Wave Drift Forces on Three Barges Arranged Side by Side in Floatover Installation

Floatover is a new method for installing integrated topside of a spar platform. It has several obvious advantages such as less time and cost compared with derrick lifting. In general, the floatover installation consists of three procedures: firstly a single barge is used for long-distance transportation of the topside in order to get good stability; secondly two barges take place of the single barge for floatover installation near the operating site; finally the topside is transferred from the two barges to the spar hull and the installation is completed. Between the first and second procedures, the case occurs that the single transportation barge is sided left and right by two floatover barges in the second procedure with close proximity. This case is concerned by many designers and operators for the security problem brought by possible large relative motions and forces of the three barges in side by side configuration. The hydrodynamics of side-by-side barges are much more complex than that of a single barge in waves. In numerical simulation, it is a challenge to consider all effects including the hydrodynamic interactions, the shielding effects, the viscous effects and the wave resonance effect which has been observed in the gaps between the barges and has a significant impact on wave drift forces. In this paper, motion responses and wave drift forces were calculated in frequency domain for both the multi-body system and the single body.

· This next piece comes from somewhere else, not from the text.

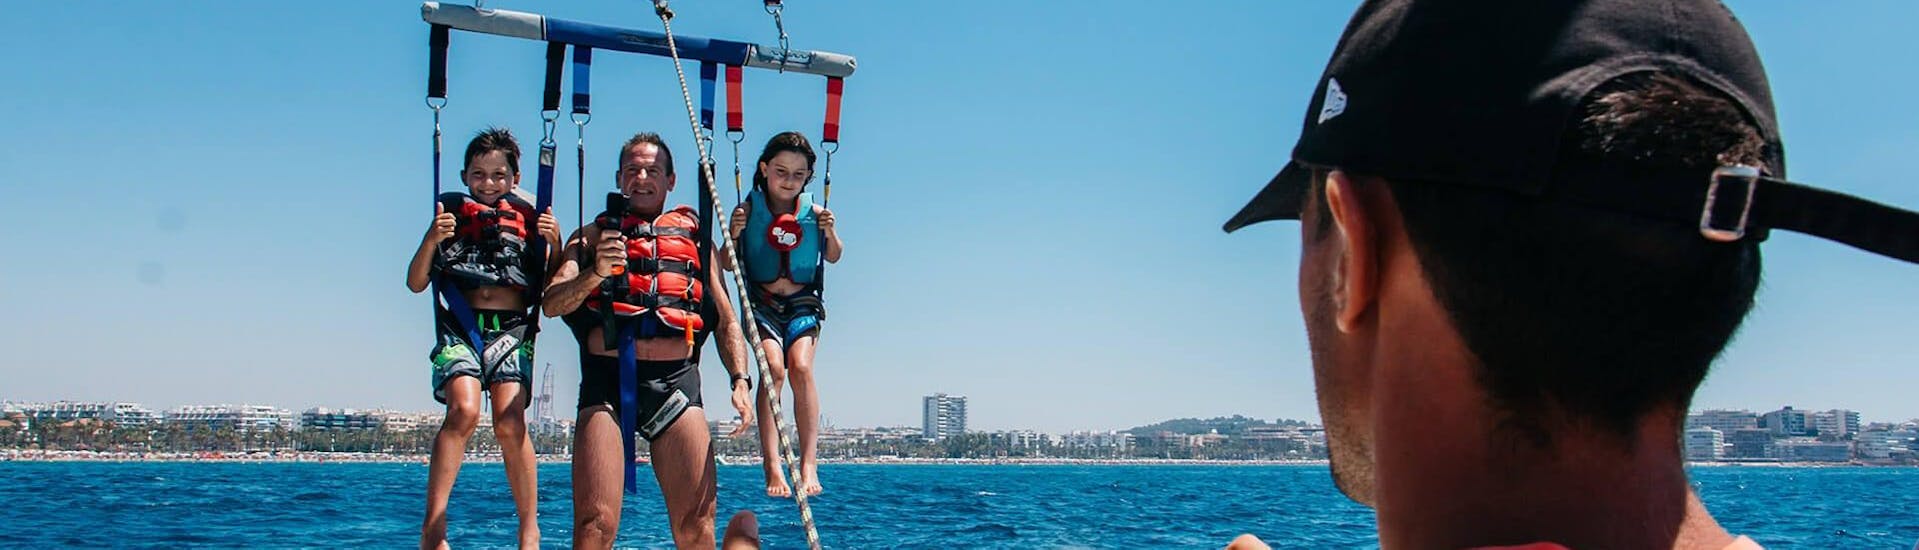 Una familia disfruta de las hermosas vistas sobre el mar duranteel Parasailing en Salou y Cambrils organizado por la Estació Nàutica Costa Daurada.

Far-field, middle-field and near-field method were all carried out to calculate wave drift forces. Numerical analysis was executed using potential flow code WAMIT. Corresponding model tests were also performed in the Deepwater Offshore Basin in Shanghai Jiao Tong University. Comparison between numerical and experimental results shows that numerical results agree well with the experiment and that middle-field method has better convergence than near-field method. The comparison between the multi-body system and single body shows that the hydrodynamic interactions (including wave shielding effect and Helmholtz resonance of water in the gaps) are remarkable and motion responses in the multi-body system are larger than single barge at some frequencies.